It took a while to prepare a new release of the distributed hash table storage elliptics network, but here we go. This is still a minor version bump, although amount of changes is rather large for small update.
Likely this will be the last releae in 2.6 release cycle, since in parallel we are cooking up a completely new versioning and merge logic as well as data synchronization. Btw, this release breaks to some degree that logic, but there is a tool to fix things up. It will be automated in the next versions.
But let's dig into details and changelog:
- Data integrity checker. Although a little bit undocumented (see example below), it allows to check whether given object is present in the storage with requested number of its copies. And if number of found objects does not correspond to config, it will automatically download and upload data with the desired IDs. Later this tool will also be able to upload data into the storage. This checker will be a base for background FSCK, which will be a simple script, which will parse metadata and start checker with given log. It also supports external library call for requests merge.
- [FCGI frontend]: cookie, timeouts, tunable headers, variable content types, more and clean XML.
- Rewritten network state and reconnection logic. This makes NATed box support trivial (we do support it), client nodes became even simpler than ever, less code, less bugs, everyone is happy.
- Debian debug package.
- Fair number of bug fixes. This version is used in production, if time permits I will describe this load in details later.
Modulo possible bugs, main work is concentrated on the filesystem checker. There are two problems to solve.
The first one is absence of transaction log made by requested transformation function, or in plain words - absence of copy of the object in the storage. This happens when some node went offline and returned empty or was replaced. Or did not return at all. In this case fsck application will check how many copies are present in the storage and automatially download one of them (the first one from config) and upload with given ID.
Second issue to resolve is transaction merge. Elliptics network by default uses transactions for every update, so there is no object as is in the storage, instead reader will download transaction log, parse it and select transactions which cover requested object range. It is hidden in API of course, but it is possible to manually select needed transactions, for example to support versioning and data snapshots. As tasty effect two fully equal transactions (objects) will not use two times more space, since there are appopriate transaction reference counters.
Currently there are multiple (5) merge strategies, but practice shows that they introduce more harm or misunderstanding at best, than actual goodness. So I decided to drop them all in favour of trivial timestamp based merge algorithm. Of course it is possible to merge transactions based on private algorithm, which can be called from fsck daemon. We have request to allow external modules to merge objects based on actual data.
This version disables content synchronization during node joining. Instead admin has to call fsck application with externally stored log of the uploaded data to check whether things are ok and fixup what was broken. It will be automated and no external log will be required in the next versions.
Fsck application log file should look like this:
3 0,0,0 sha1,md5 object_name
where '3' is object creation flags - without transactions, just like those created by FSCK frontend. Will be removed in the next version.

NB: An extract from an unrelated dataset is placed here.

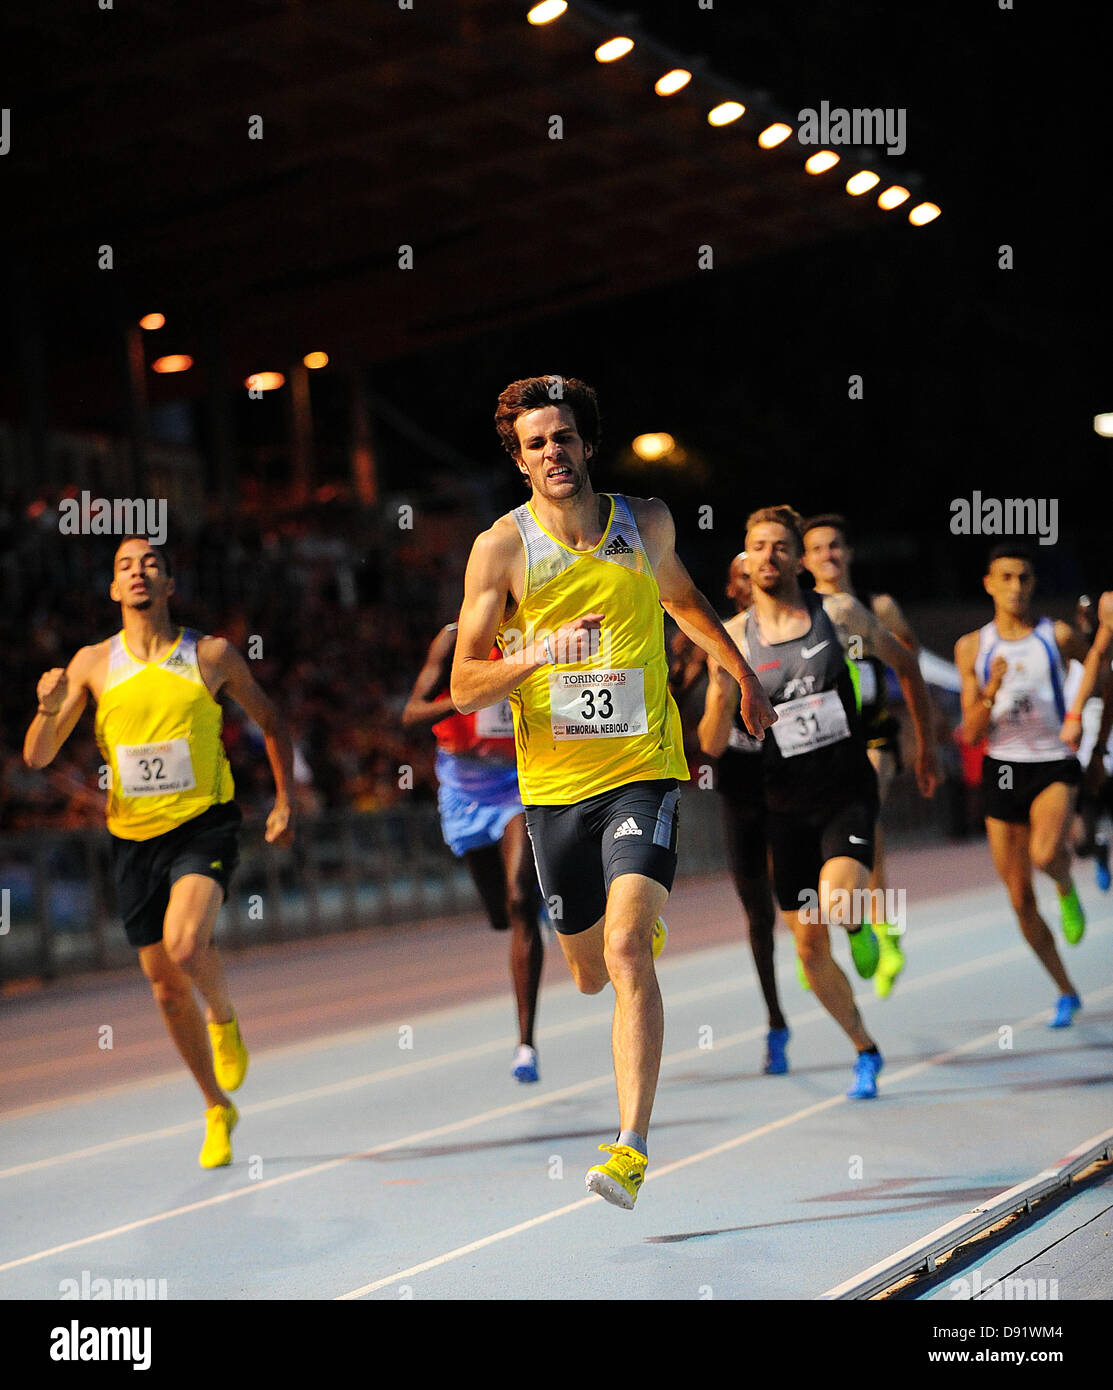 08.06.2013 Torino, Italy. Paul Renaudie of France wins the Mens 800m before Oualich Hamid of France during the International Athletics meeting Memorial Primo Nebiolo from the Stadio Primo Nebiolo. Stock Photo

'0,0,0' is a placeholder for object parsing information meaning start,end,update_existing. Start and end are positions of the starting and ending symbol in the object_name used to generate ID. Zeroes mean automatic detection. Update_existing is not currently supported, in the next version if set will upload local file named object_name into the storage no matter if its copies are already present.
sha1,md5 - transformation functions used to generate ID from object_name. This setup uses two copies - each one created by appropriate hash.
object_name - name of the uploaded object. Its hash (or actually transformation of the name using presented functions, it is allowed to be some other function than plain hash) will be object ID.
Stay tuned, work is boiling and results are very close!
Hello,
Please find the SNIA cloud storage community link, http://groups.google.com/group/snia-cloud/web?pli=1 and Cloud Data Management Interface (CDMI) v1.0g DRAFT has been released.
Is it possible to start working on CDMI interface for this project ?
If yes please give us suggestions to start working on this interface.
Thanks,
Kiran.
has interfaces for way too wider cases than elliptics network currently provides or has plans to provide in the closest future.
Since it is a distributed hash table storage, some of the discussed terms do not cleanly apply to the model, but generally I believe it is possible to find a good correlation between interfaces.
To date I have to note, that there is no security model supported in elliptics network as well as distributed locking system. THe latter will be implemented as a stand-along project accessible by clients, while the former will be a part of the storage system eventually.